*Exercise inputs:*
=== Begin Enclosure ===

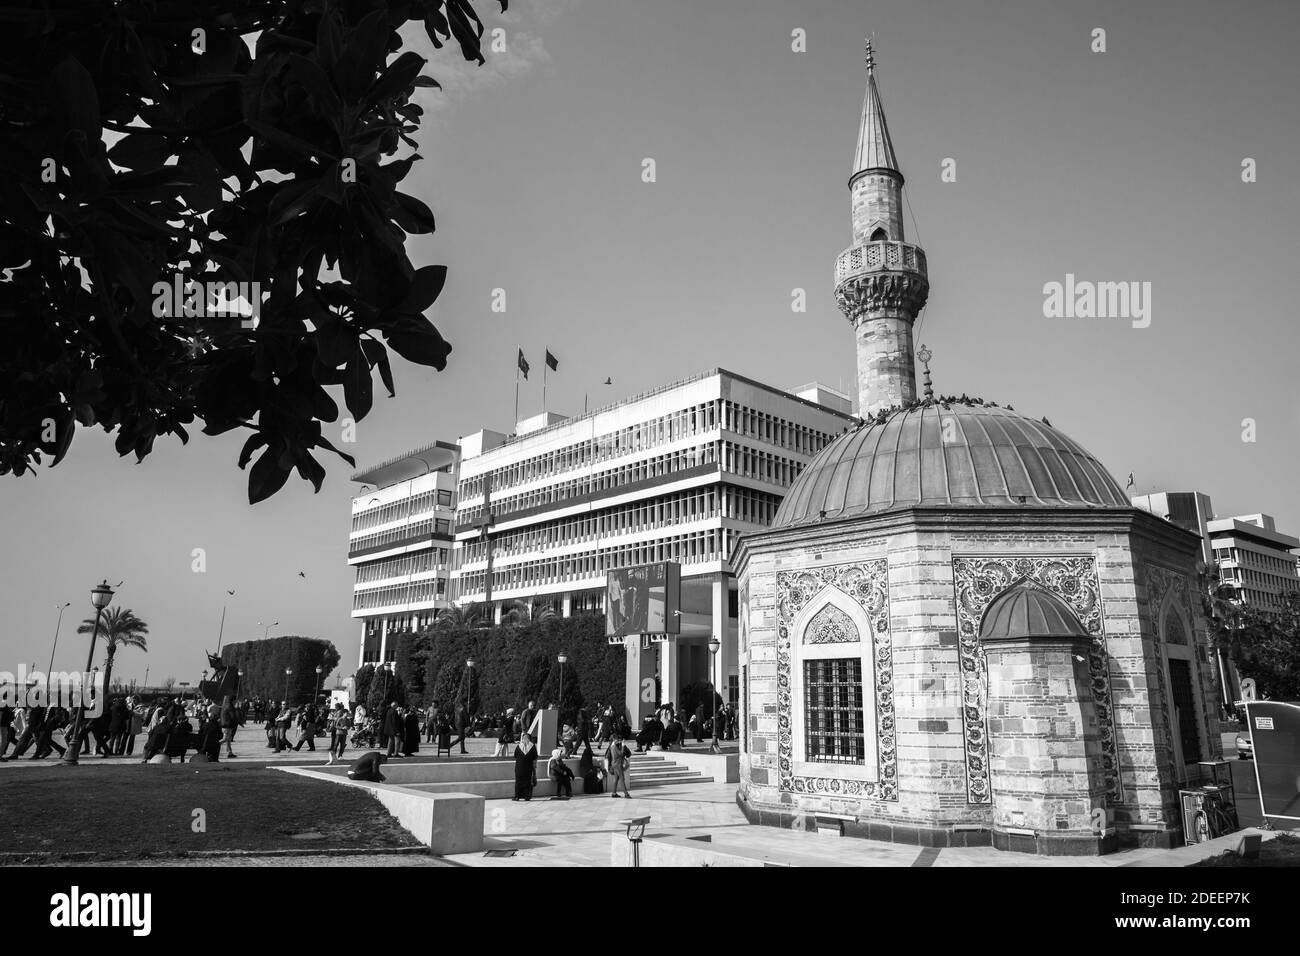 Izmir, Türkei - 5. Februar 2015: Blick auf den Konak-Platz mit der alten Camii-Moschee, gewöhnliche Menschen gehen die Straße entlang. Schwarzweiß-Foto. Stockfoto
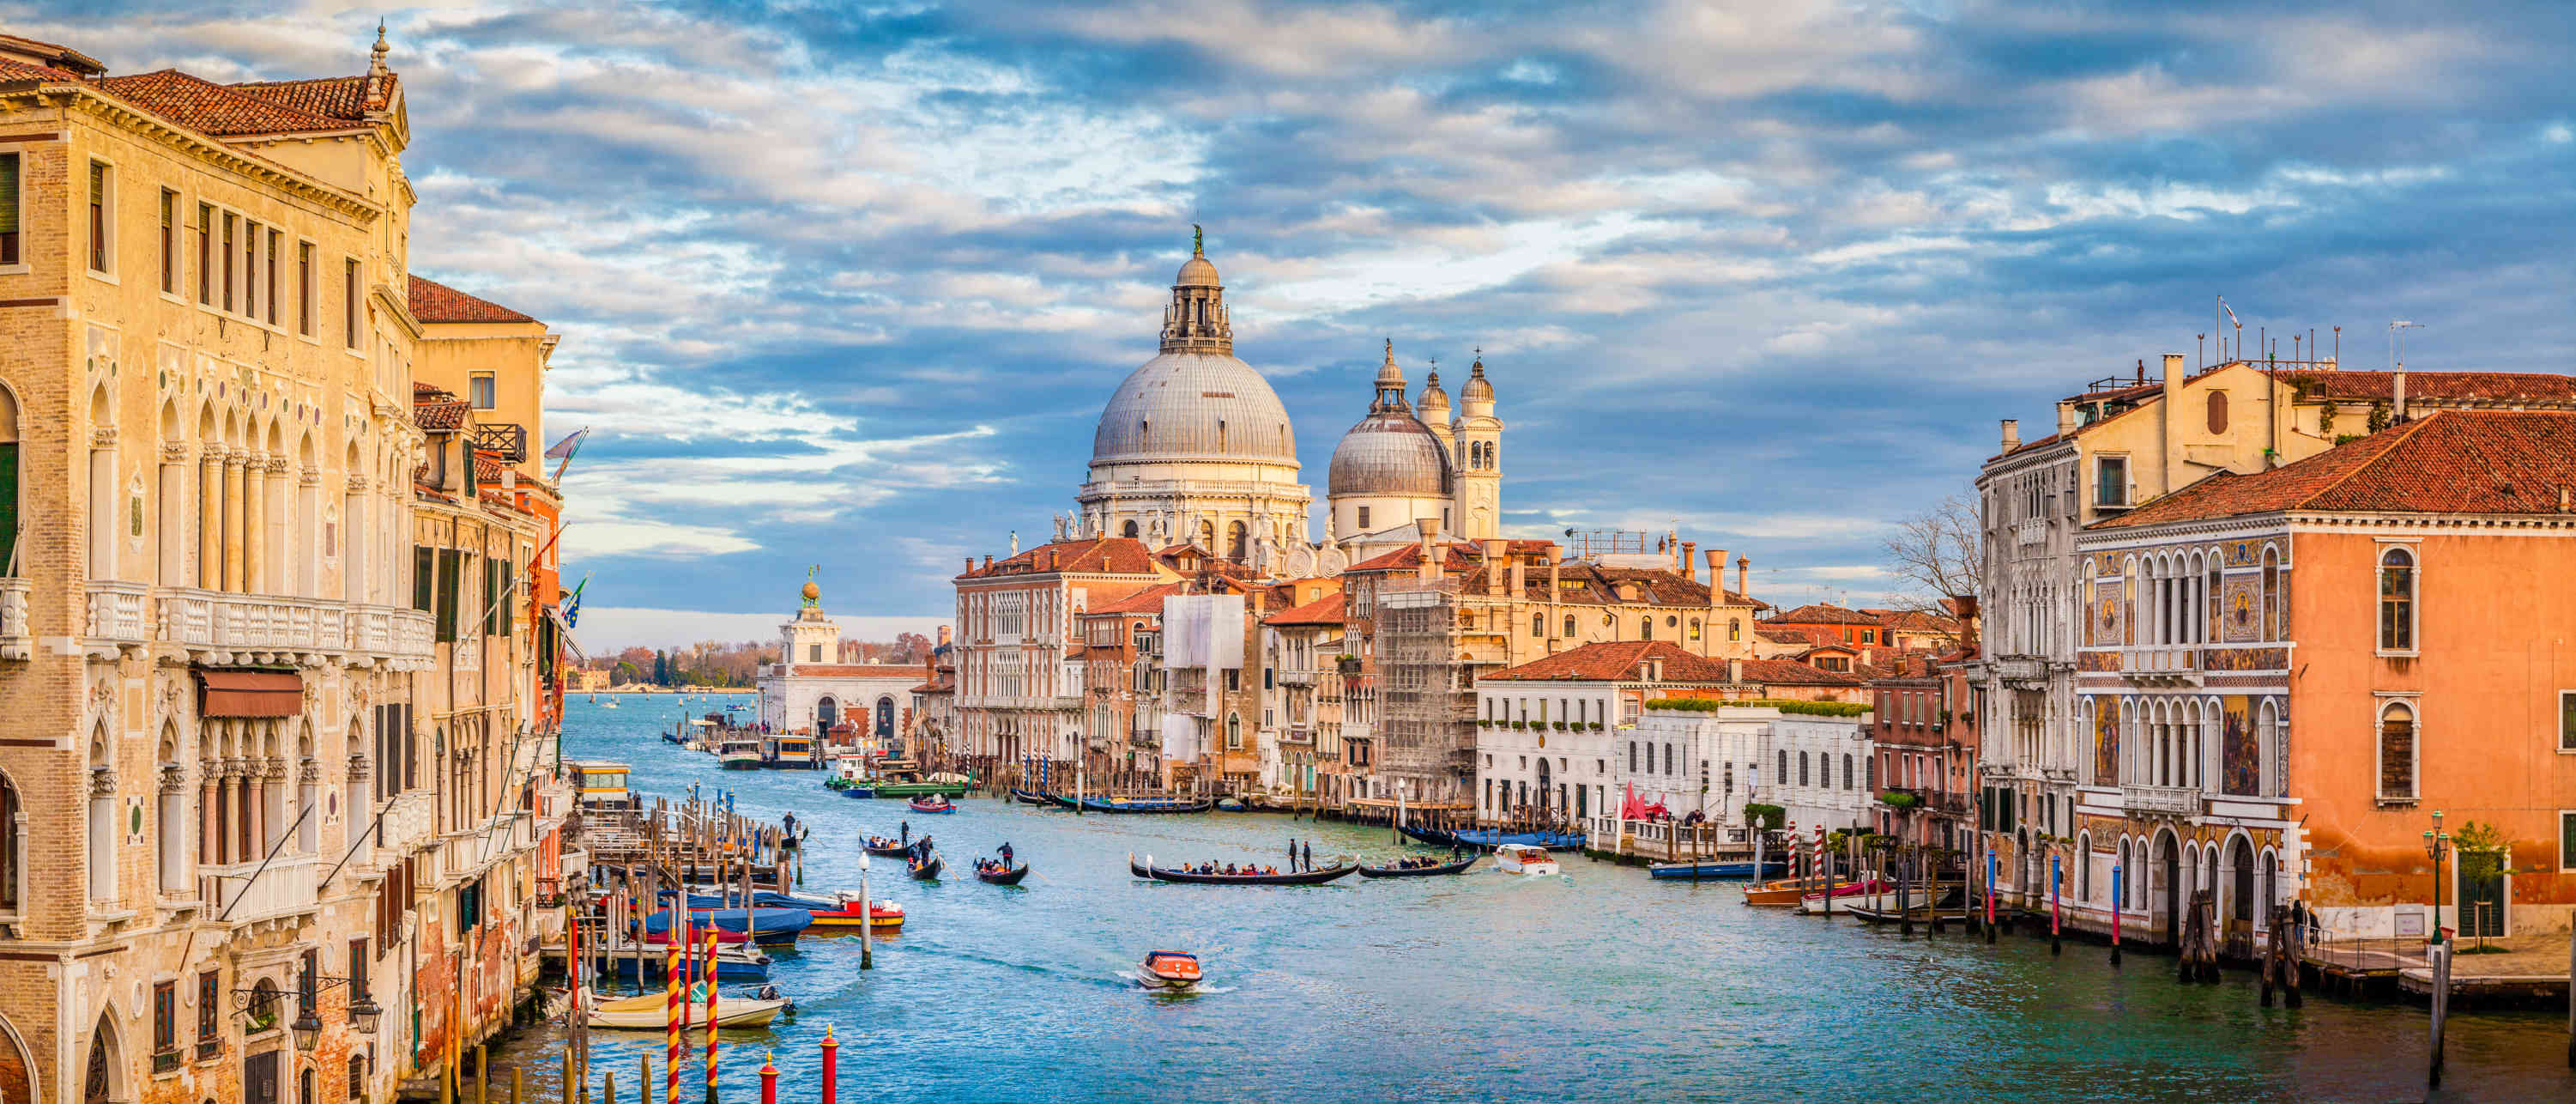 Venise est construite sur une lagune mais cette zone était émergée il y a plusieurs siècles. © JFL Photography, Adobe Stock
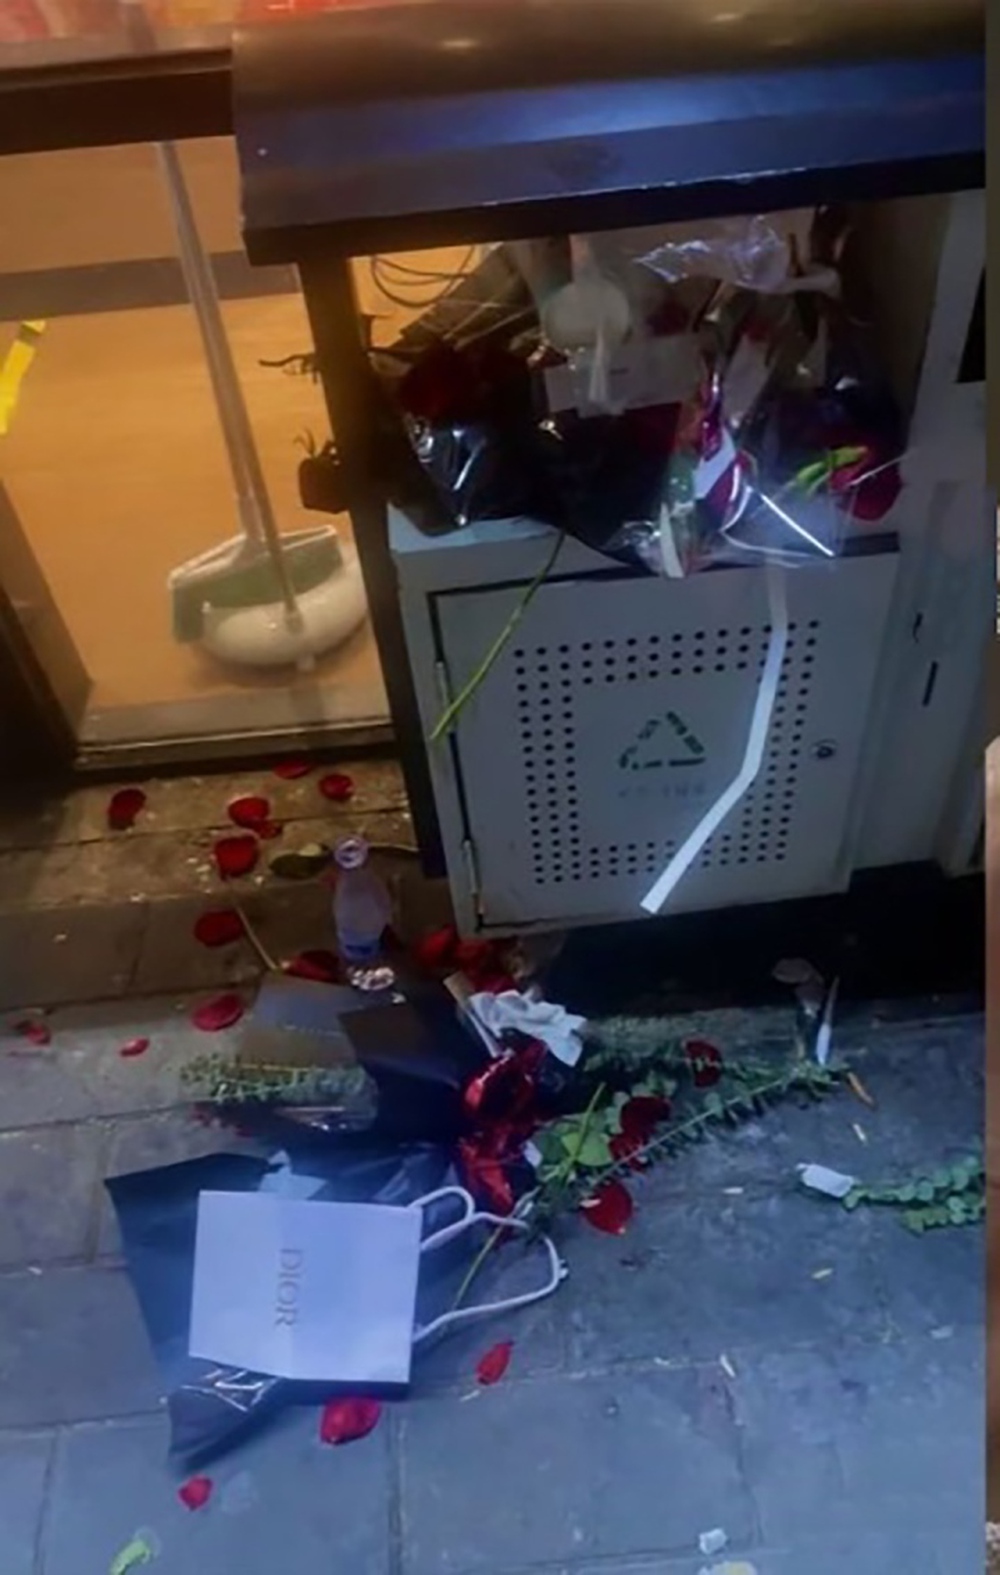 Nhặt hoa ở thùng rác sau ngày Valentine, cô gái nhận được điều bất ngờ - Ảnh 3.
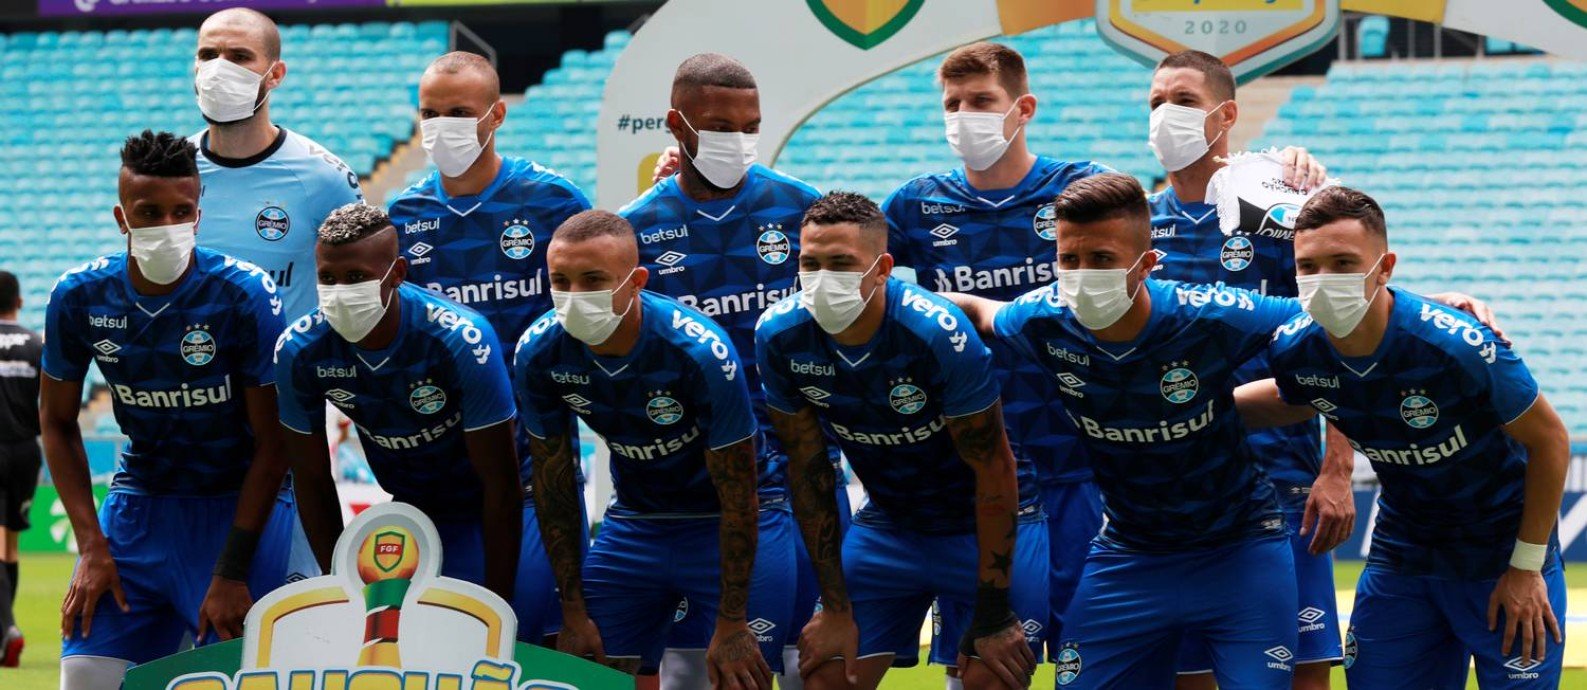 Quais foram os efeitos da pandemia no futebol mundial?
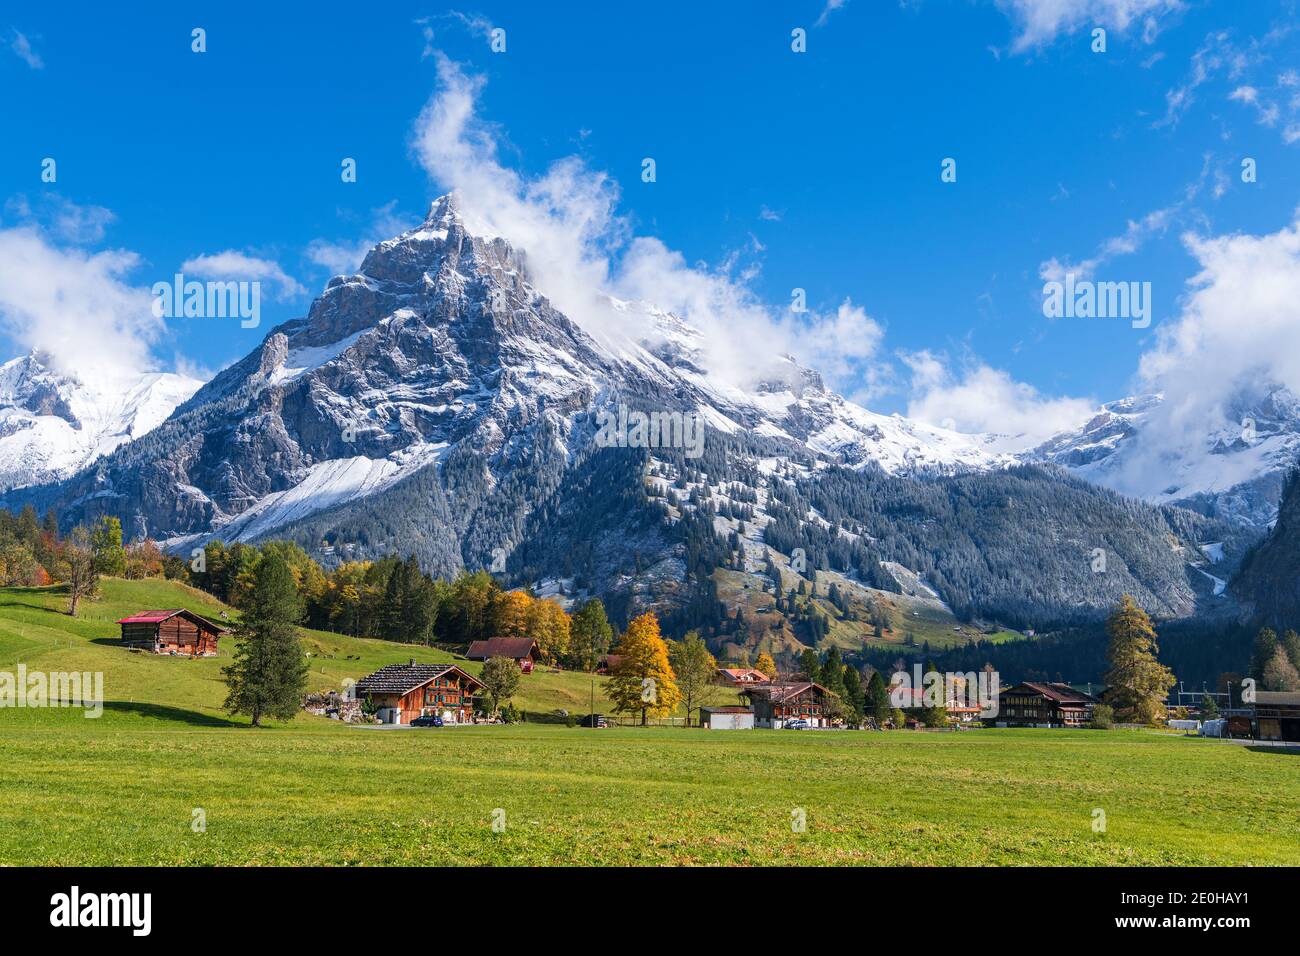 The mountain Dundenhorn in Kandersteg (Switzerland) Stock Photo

=== End Enclosure ===

Copy nothing but the lines from the one containing "Quais foram os" through the last line of the listing above, transcribed exactly and with no pictures.

 Quais foram os efeitos da pandemia no futebol mundial?
 The mountain Dundenhorn in Kandersteg (Switzerland) Stock Photo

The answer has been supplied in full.